The electron-emitting region 1105 is part of the electroconductive thin film 1104 and comprises an electrically highly resistive fissure, although its performance is dependent on the thickness and the material of the electroconductive thin film 1104 and the energization forming process which will be described hereinafter. The electron emitting region 1105 may contain in the fissure electroconductive fine particles having a diameter between several angstroms and several hundred angstroms. The electron-emitting region is only schematically shown in the drawings because there is no way for accurately knowing the location and the profile of the electron-emitting region.

The thin film 1113 is typically made of carbon or a carbon compound and covers the electron-emitting region 1105 and its vicinity. The thin film 1113 is formed as a result of an electric energization activation process conducted after an electric energization forming process as will be described hereinafter.

More specifically, the thin film 1113 is a film of monocrystalline graphite, polycrystalline graphite or noncrystalline carbon or a mixture of any of them having a film thickness less than 500 angstroms, preferably less than 300 angstroms.

Like the electron-emitting region, the thin film 1113 is shown in FIGS. 4A and 4B only schematically because there is no way for accurately knowing its location and profile. Note that the thin film 1113 is partly removed from the plan view of FIG. 4A.

While a surface conduction electron-emitting device is described in terms of preferably configuration and materials. The following materials were used for surface conduction electron-emitting devices in this example.

The substrate 1101 was made of soda lime glass and the device electrodes 1102 and 1103 were made of Ni thin film. The electrodes had a thickness d of 1,000 angstroms and separated by a distance L of 2 μm.

The fine particle film contained Pb or PdO as principal ingredient and had a film thickness of about 100 angstroms and a width W of about 100 μm.

Now, a method of manufacturing a flat type surface conduction electron-emitting device will be described.

FIGS. 5A through 5E are schematic cross sectional views of a flat type surface conduction electron-emitting device in different manufacturing steps. Note that the components are denoted by reference symbols the same as those in FIGS. 4A and 4B.

1) Firstly, a pair of device electrodes 1102 and 1103 were formed on a substrate 1101 as shown in FIG. 5A.

After thoroughly cleansing a substrate 1101 with detergent and pure water, the material of the device electrodes were deposited on the substrate (by means of evaporation, sputtering or some other appropriate film forming vacuum technique). A pair of device electrodes 1102 and 1103 were then produced from the deposited material by photolithography etching as shown in FIG. 5A.
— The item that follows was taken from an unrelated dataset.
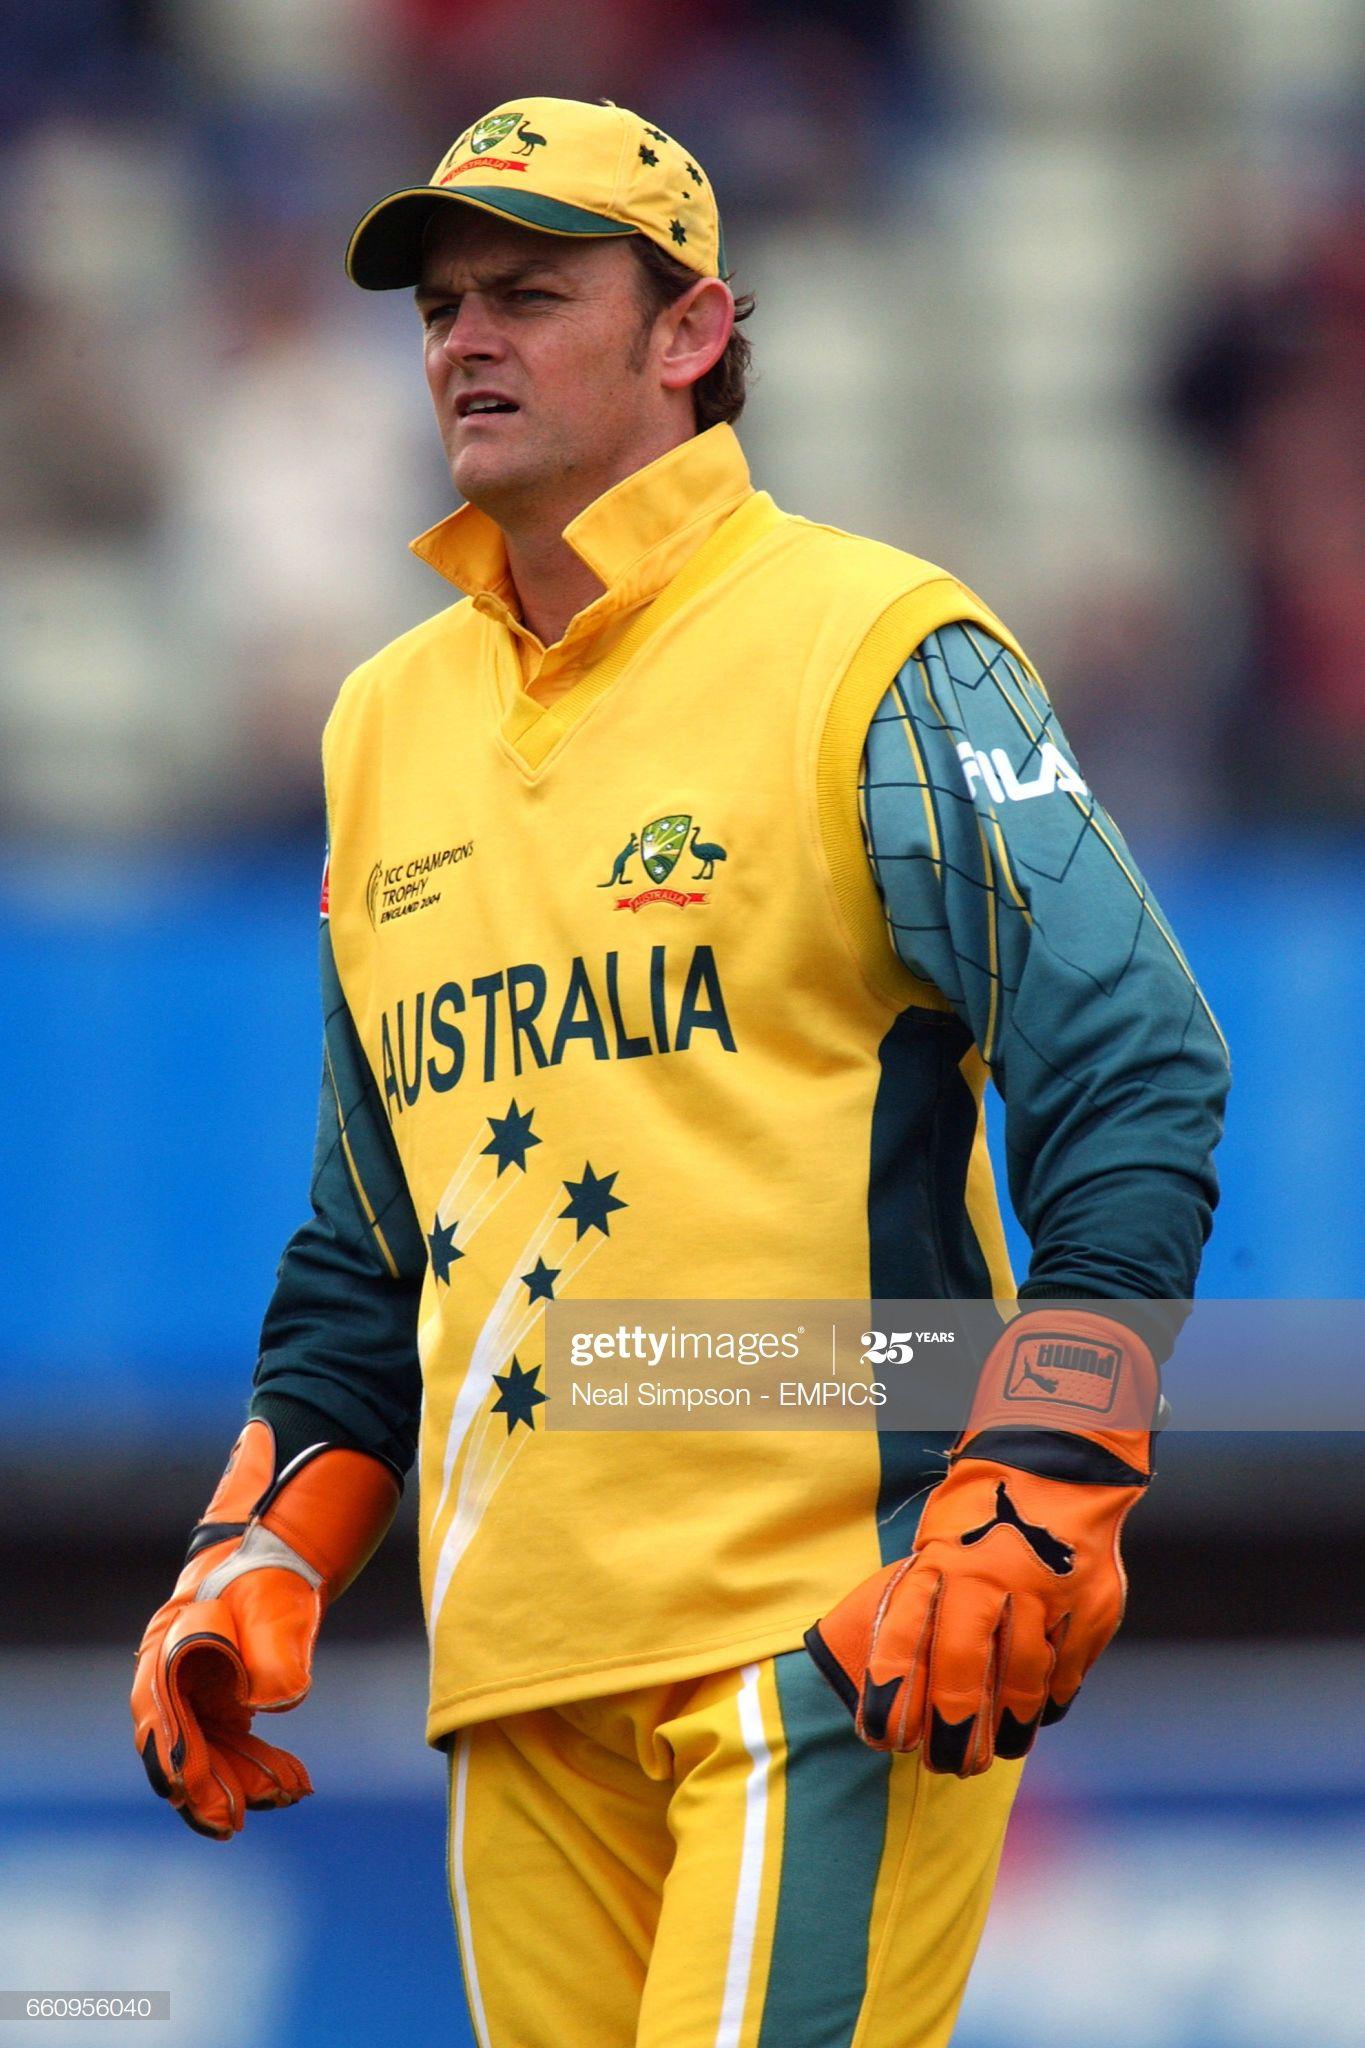 News Photo Adam Gilchrist Australia In 2021 Adam Gilchrist Cricket Wallpapers Cricket World Cup Adam gilchrist hd wallpaper

2) Then, an electroconductive thin film 1104 was formed as shown in FIG. 5B.

More specifically, an organic metal thin film is formed on the substrate by applying an organic metal solution and drying the applied solution by heating it. Subsequently, it was processed to form a desired pattern by photolithography etching. For the purpose of the invention, The organic metal solution is a solution of organic metal compound containing as principal ingredient the metal of the fine particle film or the electroconductive thin film. (Pd was used as principal ingredient in this example. While the solution was applied by means of a dipping technique, a spinner or a sprayer may alternatively be used.

The electroconductive thin film of fine particles may alternatively be formed by vacuum deposition, sputtering chemical vapor phase deposition or some other technique.

3) Thereafter, the electroconductive thin film was subjected to an energization forming process by applying an appropriate voltage to the device electrodes 1102 and 1103 from a forming power source 1110 to produce an electron-emitting region 1105. An energization forming process is a process where the electroconductive thin film 1104 of fine particles is electrically energized to produce an electron-emitting region there that shows a modified structure that is different from that of the electroconductive thin film. In other words, the electroconductive thin film is locally and structurally destroyed, deformed or transformed to produce an electron emitting region 1105 as a result of an energization forming process. The electroconductive thin film of fine particles has a fissure in this structurally modified region (electron-emitting region 1105). The electron-emitting region 1105 shows a large electric resistance between the device electrodes 1102 and 1103 if compared with that of the electroconductive thin film where no electron-emitting region 1105 is formed.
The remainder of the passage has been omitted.